2. Do everything with love.

Paul was certainly someone who had both caused disagreement in the early church, with his own conversion story, as well as navigated various churches he lead through disagreements in their own communities. One of these churches was the church in Corinth, who definitely had their issues. In the first letter we have recorded from Paul to this Corinthian church, he ends with this admonition: “Be on guard. Stand firm in the faith. Be courageous. Be strong. And do everything with love” (1 Corinthians 16:14). Did you catch the nuance there? Throughout the letter Paul discusses a lot of cultural hot topics with them, many of which were discussed at the Jerusalem council in Acts, so he encourages them to remain cautious of these issues, but also to do everything in love. That’s pretty vague, but it’s great advice for us even today. As we navigate all the disagreements and all the differences between the church and culture, and even within the church itself, we have to make sure we are loving our neighbors and loving one another. Which brings me to my third point…

3. Be unified.

Now, unity doesn’t necessarily have to mean agreement. In fact, if that were the case there wouldn’t be any need for unity in the first place! So, how can we maintain unity even in the midst of disagreement? We have to take a posture of humility and respect for those who also call themselves followers of Jesus. This was one of Jesus’ main prayers in the Gospel of John:

“I am praying not only for these disciples but also for all who will ever believe in me through their message. I pray that they will all be one, just as you and I are one—as you are in me, Father, and I am in you. And may they be in us so that the world will believe you sent me” (John 17:20-21).

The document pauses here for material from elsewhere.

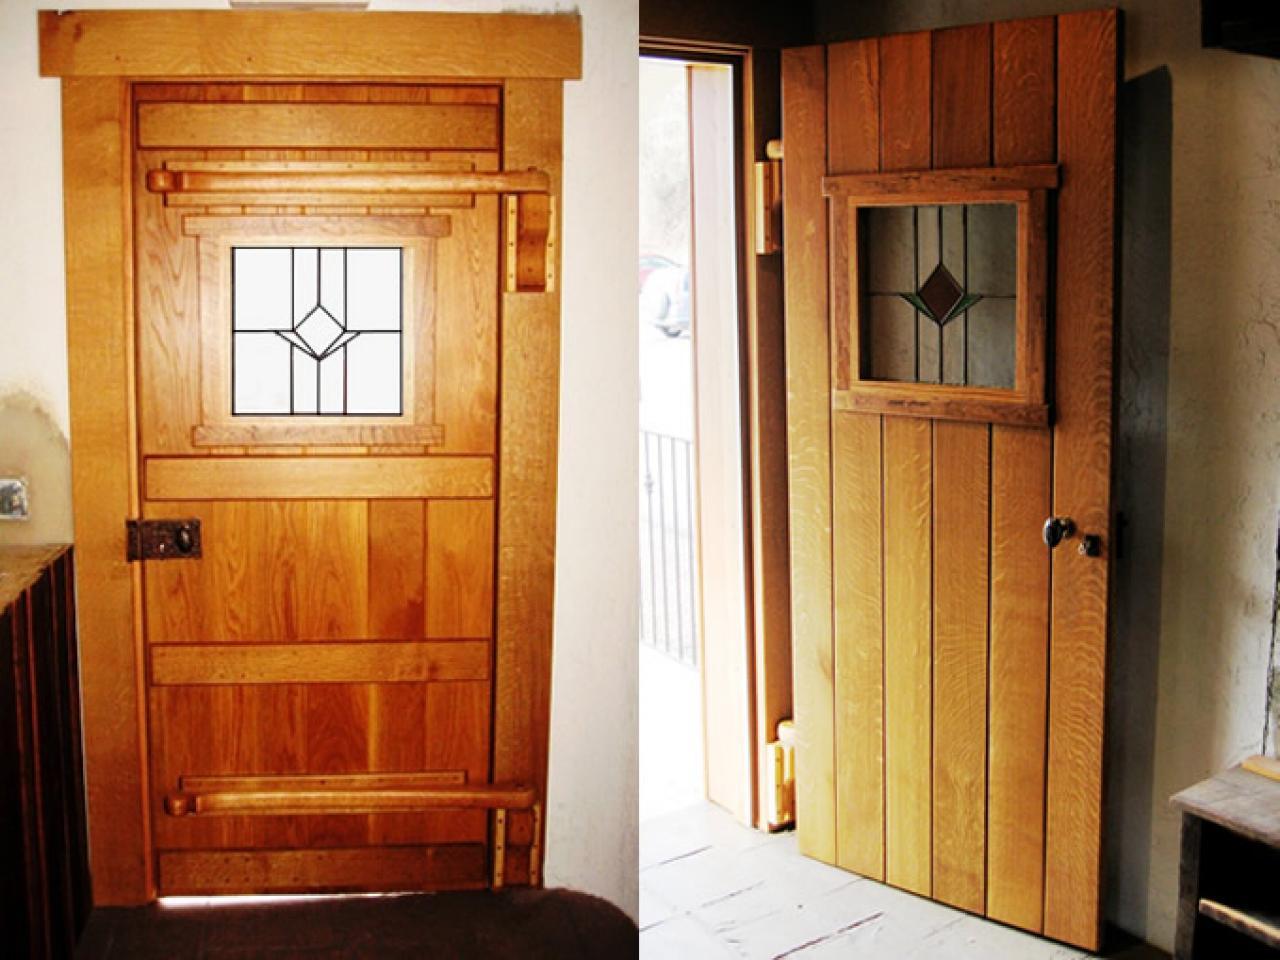 blog cabin 2009 shingles veneer doors and more voting. Black Bedroom Furniture Sets. Home Design Ideas
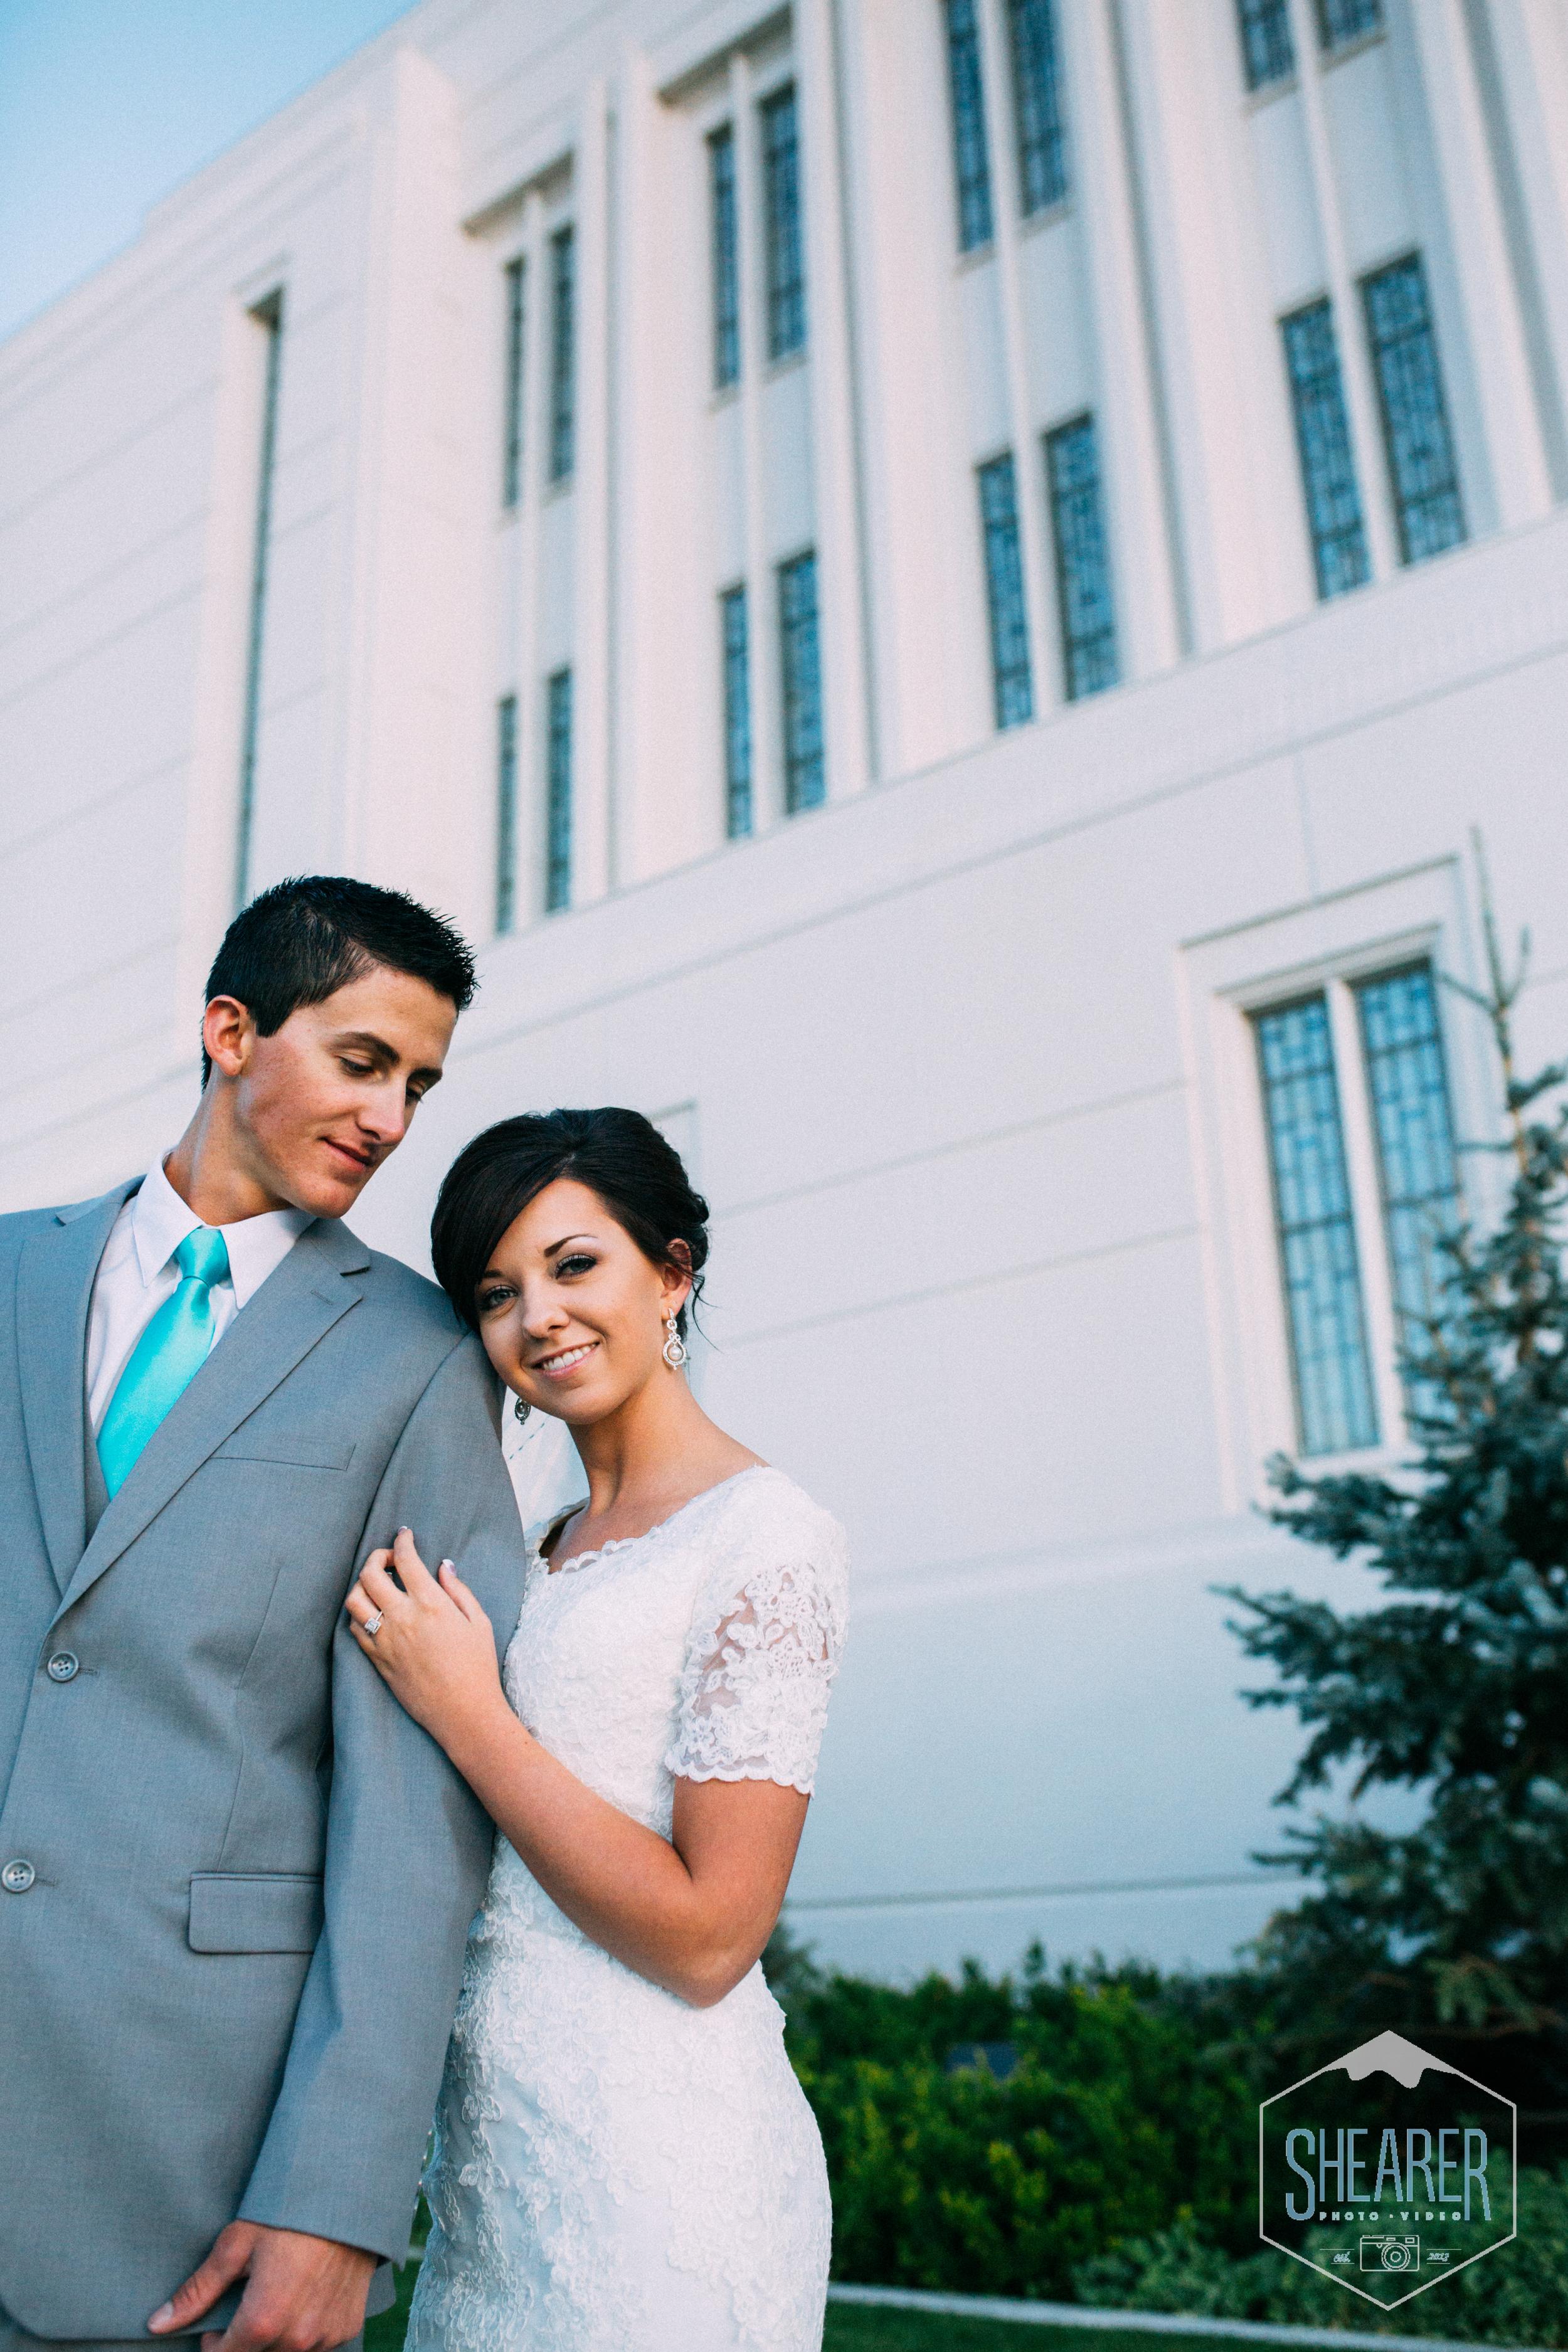 Tyler and Megin Shearer Photo and Video Kayla and Colton bridals wedding rexburg idaho-210.jpg

How can we expect to be a “light to the world” if we cannot even get along amongst ourselves as Christians? I think this is also what Paul was getting at in Galatians 6:10“Therefore, whenever we have the opportunity, we should do good to everyone—especially to those in the family of faith.” We need to relate to one another by what we have in common, and we need only to converse about the things we do not. We cannot be so quick to dismiss, disregard or disown one another based on things that are outside of the center circle of faith in Jesus.

If we can start with these three assumptions, I think we may have a good jump on the future, whatever new issues or hot topics it may bring.

This article originally appeared here.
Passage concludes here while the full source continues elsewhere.